Wer lieber an der Menge der Klamotten spart, kann sich für dasselbe Geld faire Produkte kaufen. Labels wie „Armed Angels“ und Läden wie Glore (Nürnberg) und Farcap (Fürth) haben viel junge Mode in ihren Kollektionen, klärt Pflaum auf. Zumal Second-Hand-Läden und Kleidertauschbörsen für Jugendliche heutzutage ebenfalls großes Potenzial in Sachen Mode haben.

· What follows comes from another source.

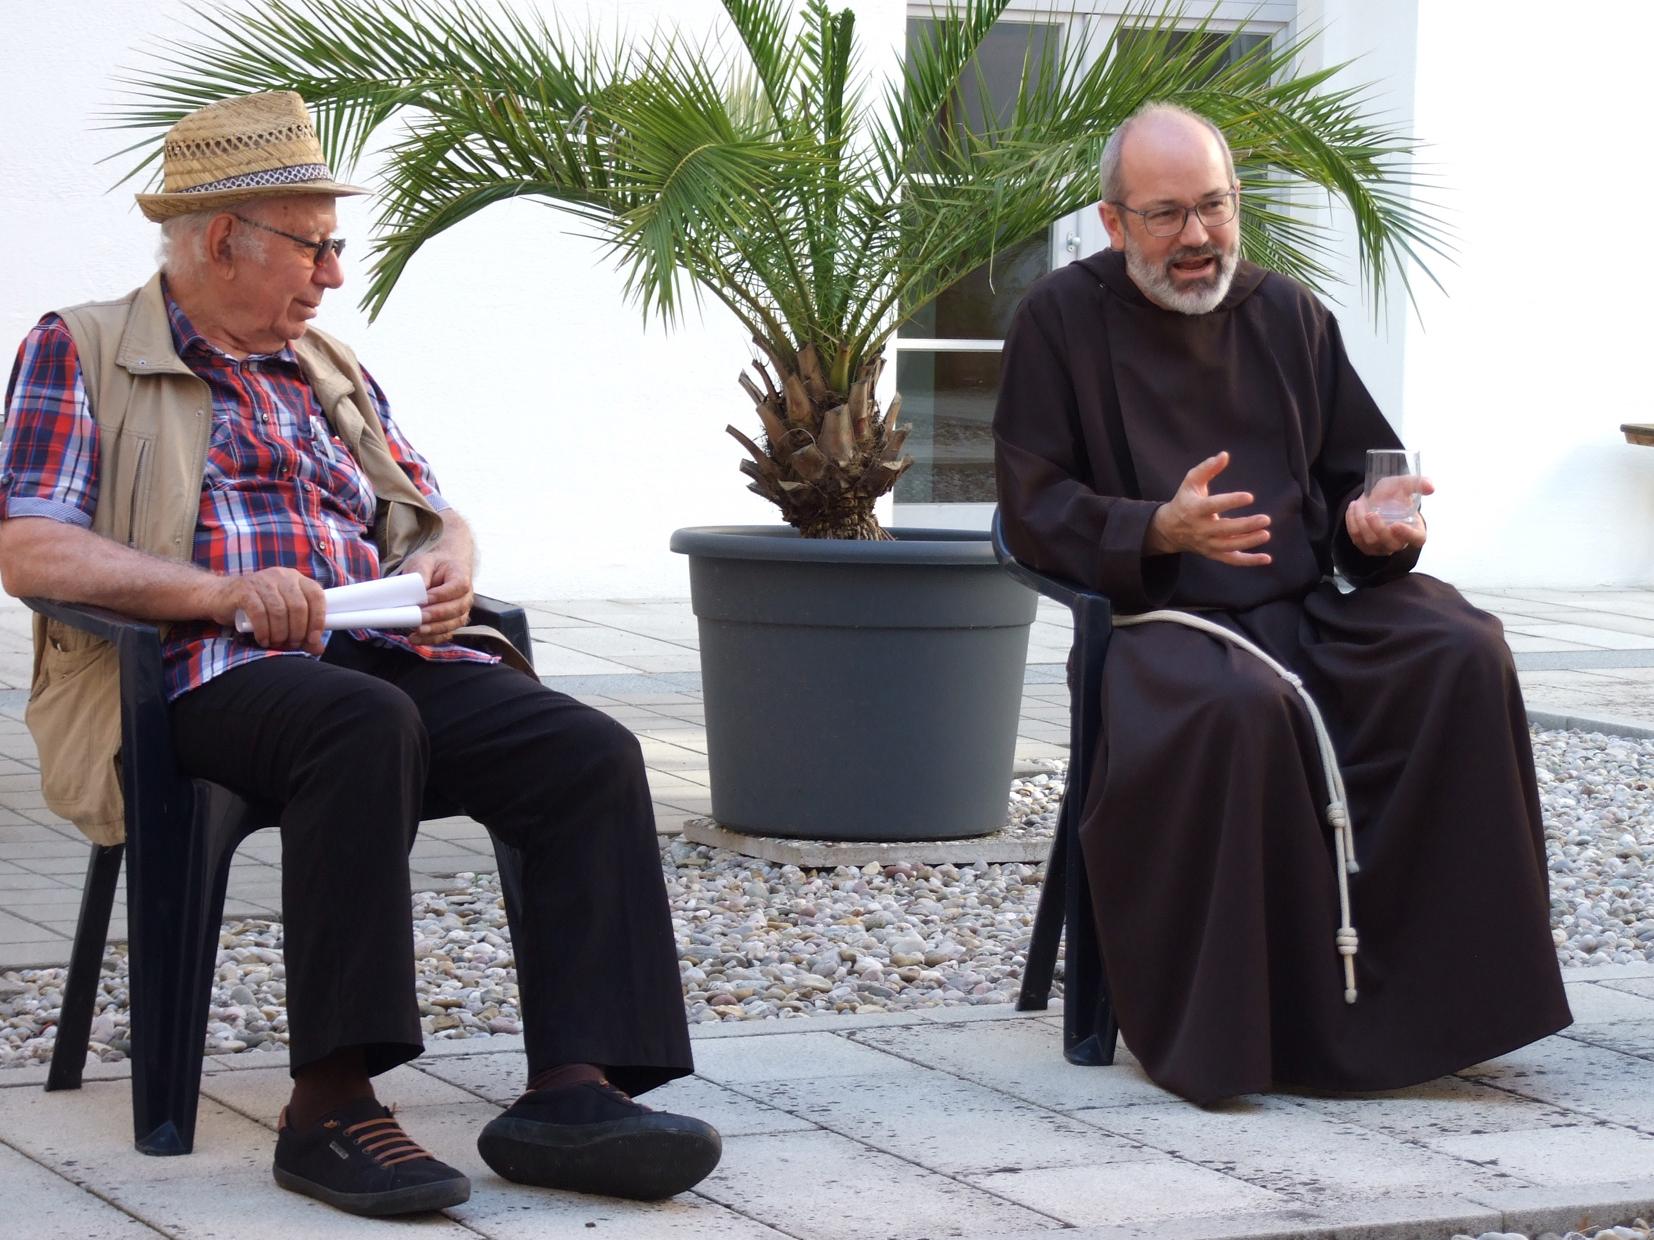 2020 07 27 aoelfb interreligioeses friedensgebet1

Auch Klaus Wiedemann kennt Auswege. Er verweist auf das Textilbündnis und die Fairwear Foundation, in denen sich viele deutsche Hersteller, auch aus der boomenden Outdoor-Branche, für bessere Produktionsbedingungen engagieren.
Wo sind die Vorbilder?
Grünen-Stadträtin Ulrike Eyrich ist bei diesem Thema besonders stolz auf die Hersbrucker Schüler. Immerhin ist Hersbruck offiziell eine Fairtrade-Stadt, gerade hat das P-Seminar des Paul-Pfinzing-Gymnasiums einen fairen Stadtführer herausgebracht (siehe untenstehendes Interview). Dieser führt die Kunden zu Geschäften mit einwandfrei gehandelten Produkten.
Eyrich von der Fairtrade-Steuerungsgruppe der Stadt Hersbruck weiß, dass auch die Vorbildrolle der Politik gefragt ist. Im Hirtenmuseum und bei offiziellen Empfängen wird zum Beispiel fair gehandelter Kaffee ausgeschenkt. „Aber es ist noch viel Luft nach oben“, sagt sie.
Ihr Beispiel: Die Stadt Langenzenn etwa ist mit rund 10 000 Einwohnern ähnlich groß wie Hersbruck – nur tragen die Bauhof-Mitarbeiter dort Arbeitskleidung aus fair gehandelter Bio-Produktion.